Preliminary

This self-contained section explains some of the high level concepts and assumptions of FCS. We reference these concepts later on this site.

General Workflow

Following similar software, FCS semi-automatically creates facial animation from footage for any rig by allowing the user to provide pairwise reference of facial expression of the actor and the character in the form of Profiles.

After creating enough profiles, FCS automatically establishes a relationship between the facial expression of the actor and that of the character. This is often an iterative process that rely on the user to provide more and more profiles to increase the accuracy of the prediction.

In general, accuracy of the animation would tend to worsen when drastic movement is involved, camera blur etc. In this case we recommend adding frames that failed to produce the desired result as profile, manually correct the rig parameters and reprocess.

Profiles

Profile refers to a paired data of a single image of an actor, and the corresponding character, rigged to express the same facial expression as the actor in the image. This is created using FCS by selecting particular frame from a video, and rigging the character in Maya.

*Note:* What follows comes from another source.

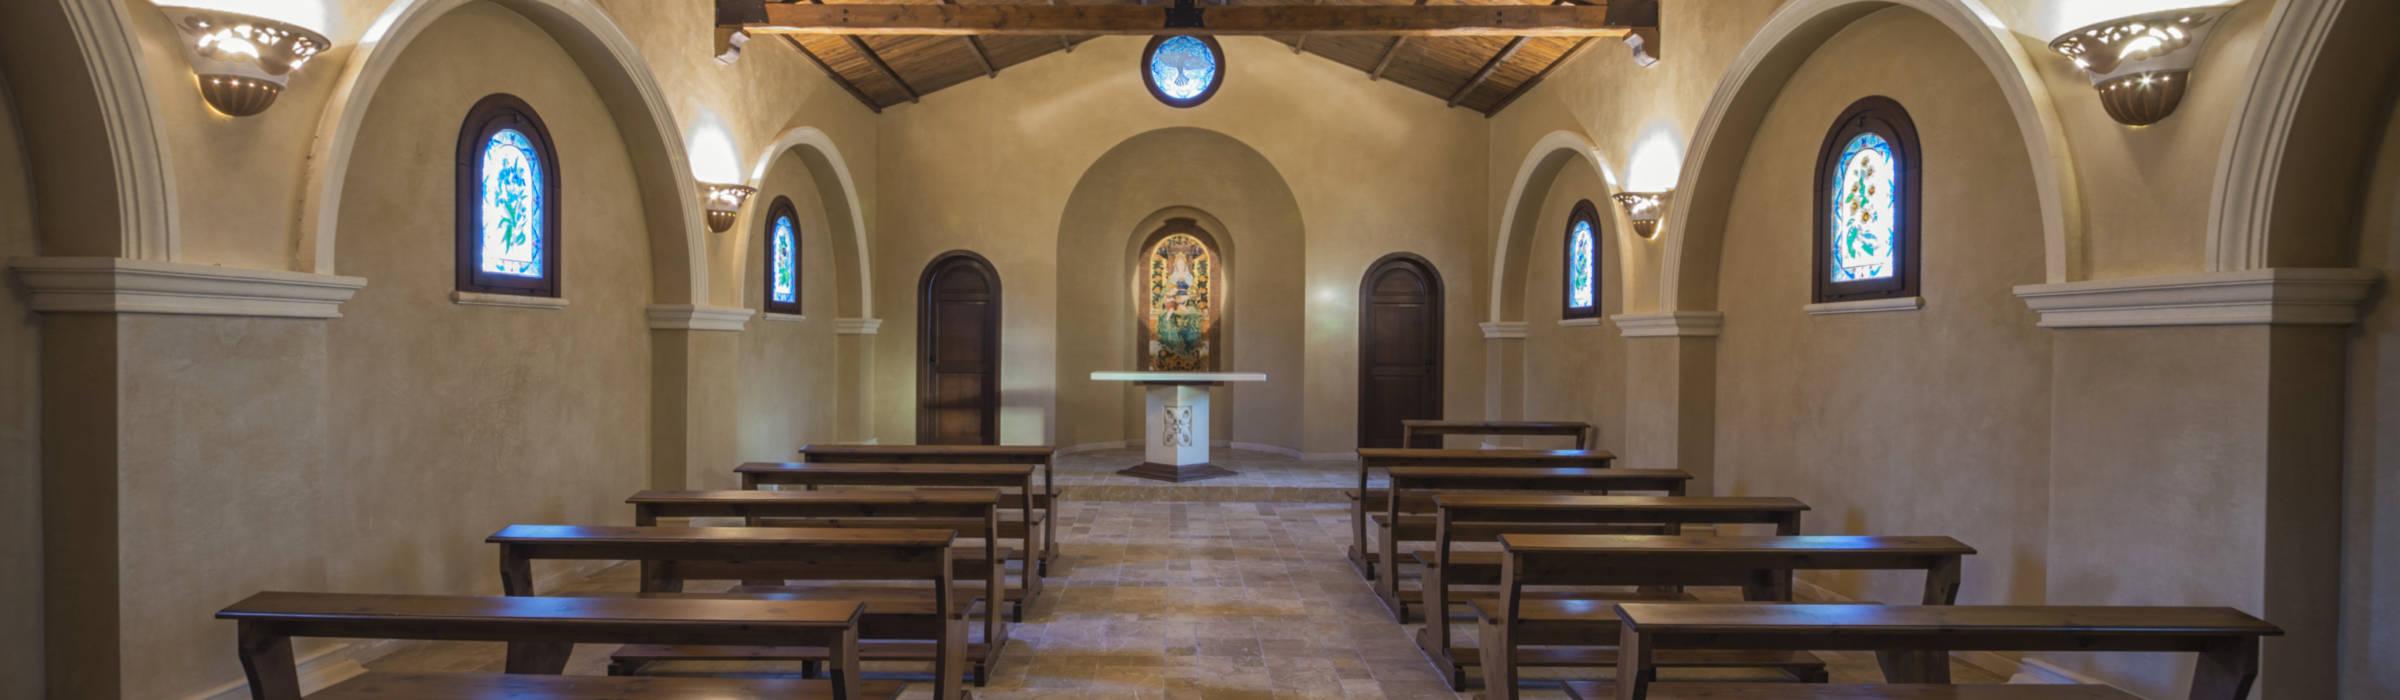 Borgo Ducale - Sala Ricevimenti

Learn about how to create profiles in FCS…

ROM

As a general rule of thumb, we recommend filming a Range of Motion (ROM) video prior to the actual filming. A ROM video should cover a wide range of facial expression that the actor can do. It is not strictly necessary but we find that using a ROM video in production often leads to time saving, especially when the amount of footage that has to be processed is large. The time saving would be less significant if you are processing only a small amount of footage.

Baseline profiles

With your purchase of FCS comes with a PDF containing approximately 50 facial expressions that you can use for the ROM video, it is meant for guidance but you can always use your own ROM facial expressions. We refer to profiles with the facial expression in the PDF the baseline profiles collectively, and often use them as a benchmarking baseline.